Can you please suggest how to implement this?

I can confirm that when modifying cabi_sparc64.rs to contain 256 my above test examples passes as expected (though Firefox still wouldn't build).

[psumbera]

As mentioned above. With partial fix Firefox build dies later when it calls clang_visitChildren().

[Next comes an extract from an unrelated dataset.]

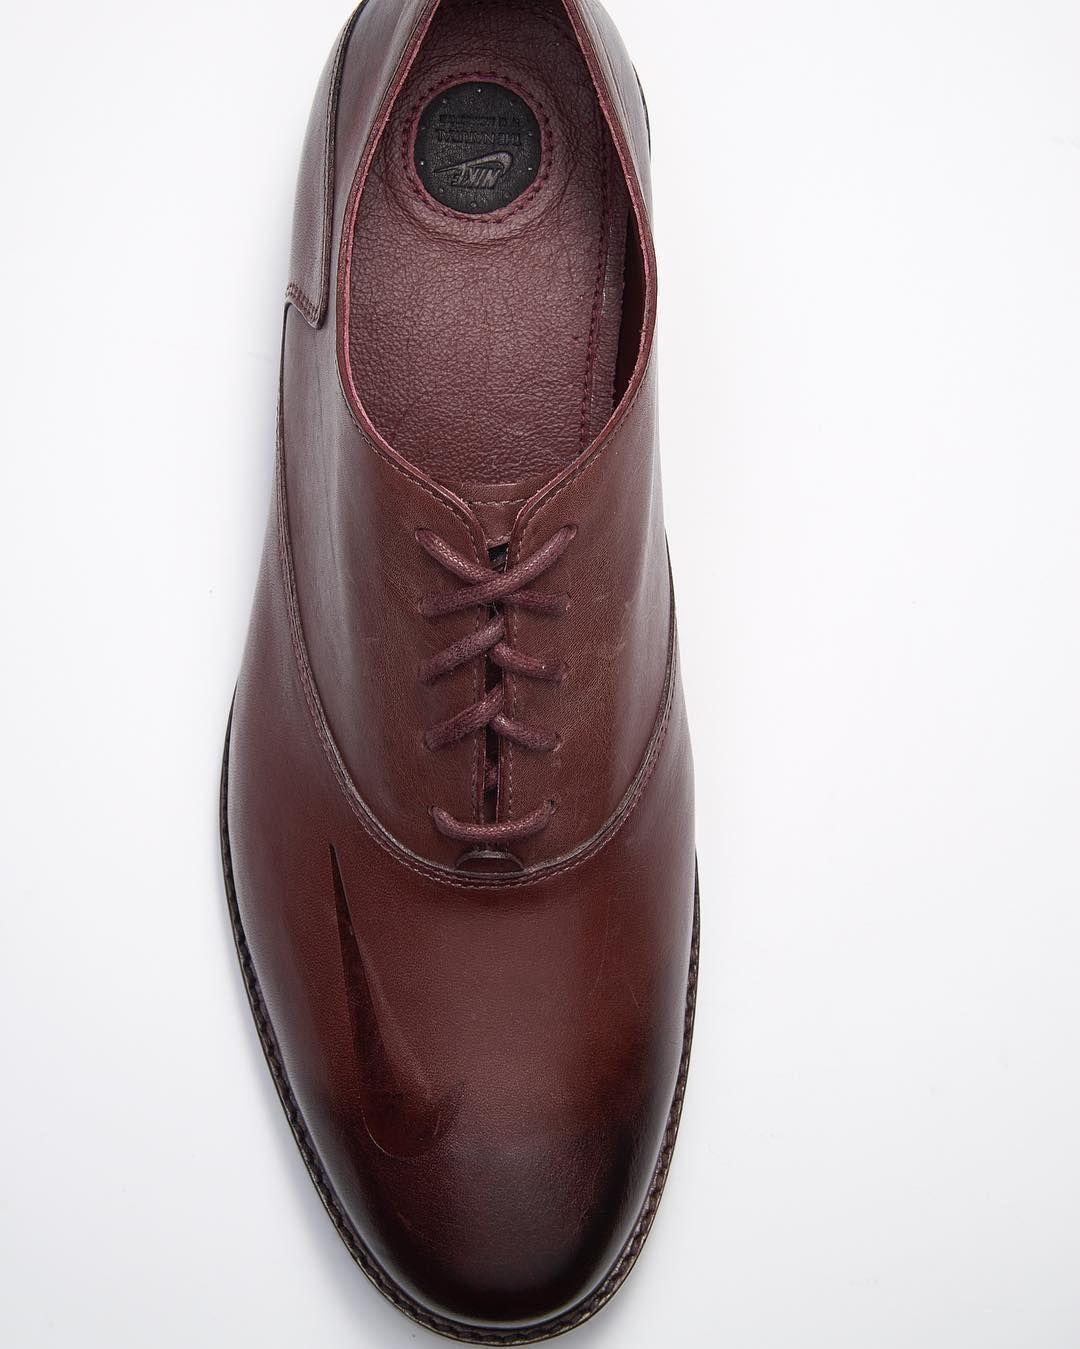 Dress shoes, Nike dress shoes, Dress

Which takes three arguments and the problematic first one is again 32 bytes long structure (CXCursor).

[glaubitz]

@psumbera Maybe you can suggest a preliminary patch to at least improve the code generation?

[eddyb]

EDIT: Well, actually, is_homogeneous_aggregate should vary based on whether it's an argument (which can be up to 16 bytes) or return value (up to 32 bytes).

Are you sure? That doesn't entirely control whether a struct is passed by value or indirectly, but specifically it handles structs which the ABI treats like arrays of primitives (incl. SIMD vectors).